On passing Complete and Honest Ideological Turing Tests (CHITTs)
[Cross-posted from Facebook]
“In the moment when I truly understand my enemy, understand him well enough to defeat him, then in that very moment I also love him. I think it’s impossible to really understand somebody, what they want, what they believe, and not love them the way they love themselves.”
- Ender Wiggin (from Ender’s Game, by Orson Scott Card)
Maybe the following is obvious, but it wasn’t initially obvious to me so I’m sharing it anyway.
The term Ideological Turing Test (ITT) was coined by Bryan Caplan and refers to whether someone can articulate and argue the views of an opposing ideology or belief system so convincingly that others cannot tell the difference between the person’s articulation and that of a true believer.
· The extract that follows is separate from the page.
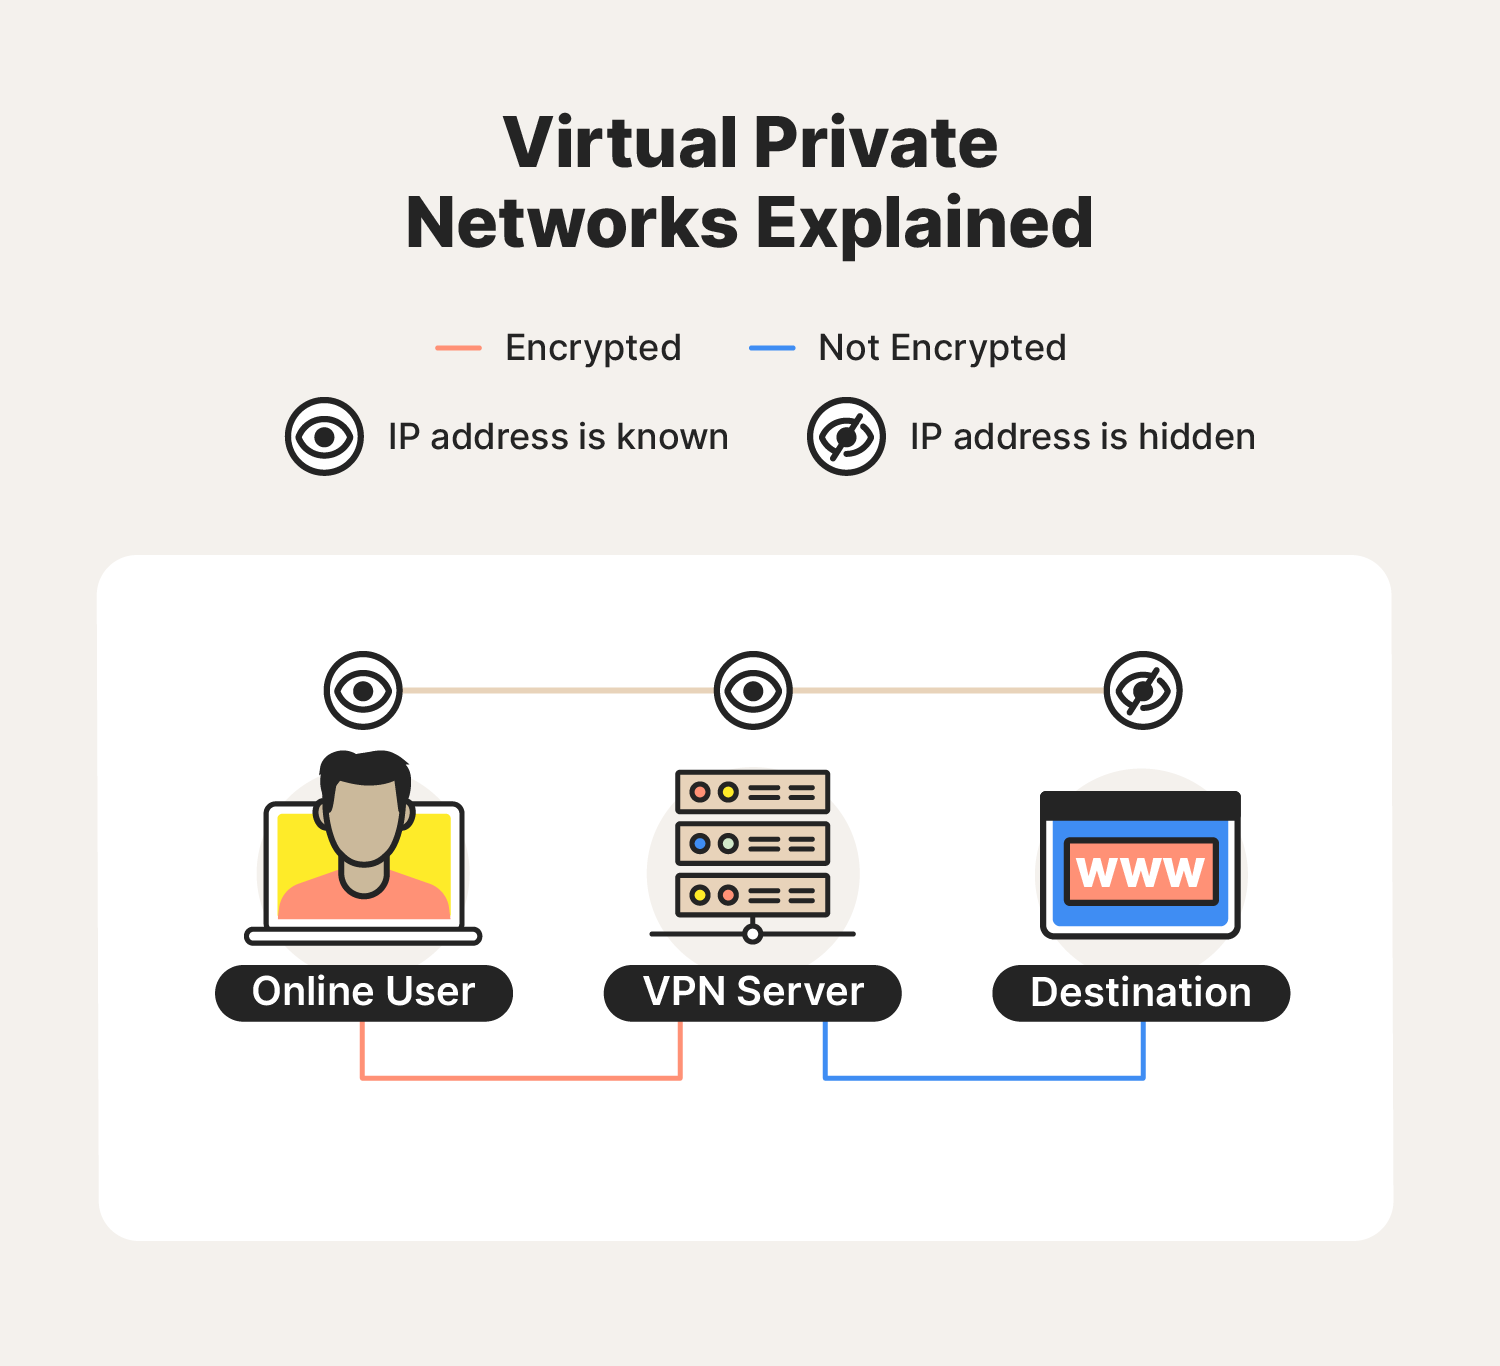 يشرح الرسم كيف تعمل الشبكات الخاصة الافتراضية ، مع تسليط الضوء على اختلاف رئيسي بين شبكات TOR مقابل VPN

Let’s use the term Complete and Honest Ideological Turing Test (CHITT) to refer to an ITT where not only can you “fool” observers, but also:
You can do so without resorting to any rhetorical tricks such as leaving out relevant information;
You can do so without making the other side look irrational;
You can do this even for very long debates with expert observers who grill you closely;
You can do this in response to any evidence or argument or counterargument that you yourself might use to argue for your true position.
Claim: It’s impossible to pass a CHITT unless you actually agree that from some perspective the other side is rational. Furthermore, you must not have any knockdown arguments for why that other perspective is incorrect. That doesn’t mean you need to *agree* with the other perspective, just that you don’t have a knockdown argument against it.
Reasoning: By the specified criteria, you need to think that no matter what arguments you yourself would throw against the other side, you would not make the other side look irrational even to expert observers. You can of course still have some set of priors that lead you to your true position, while the other side has different priors that lead to their position. But why do you go with your priors and not theirs? If you have a knockdown argument for why your priors are correct, then that’s part of the arguments you could throw at the other side, and we’re back to where we were before. So it must be that you don’t have any knockdown arguments for why you should go with your priors over theirs.
You have a decent argument for the claim as literally stated here, but I think there’s some wrongheaded subtext. To try to highlight it, I’ll argue for another claim about the “Complete and Honest Ideological Turing Test” as you’ve defined it.
Suppose that an advocate of some position would in fact abandon that position if they knew all the evidence or arguments or counterarguments which I might use to argue against it (and observers correctly know this). Then, by your definition, I cannot pass their CHITT—but it’s not because I’ve failed to understand their position, it’s because they don’t know the things I know.
Suppose that an advocate of some position simply does not have any response which would not make them look irrational to some class of evidence or argument or counterargument which I would use to argue against the position (and observers correctly know this). Then again, by your definition, I cannot pass their CHITT—but again, it’s not because I’ve failed to understand their position, it’s because they in fact do not have responses which don’t make them look irrational.
The claim these two point toward: as defined, sometimes it is impossible to pass someone’s CHITT not because I don’t understand their position, but because… well, they’re some combination of ignorant and an idiot, and I know where the gaps in their argument are. This is in contrast to the original ITT, which was intended to just check whether I’ve actually understood somebody else’s position.
Making the subtext explicit: it seems like this post is trying to push a worldview in which nobody is ever Just Plain Wrong or Clearly Being An Idiot. And that’s not how the real world actually works—most unambiguously, it is sometimes the case that a person would update away from their current position if they knew the evidence/arguments/counterarguments which I would present.
This does necessitate that the experts actually have the ability to tell when an argument is bad.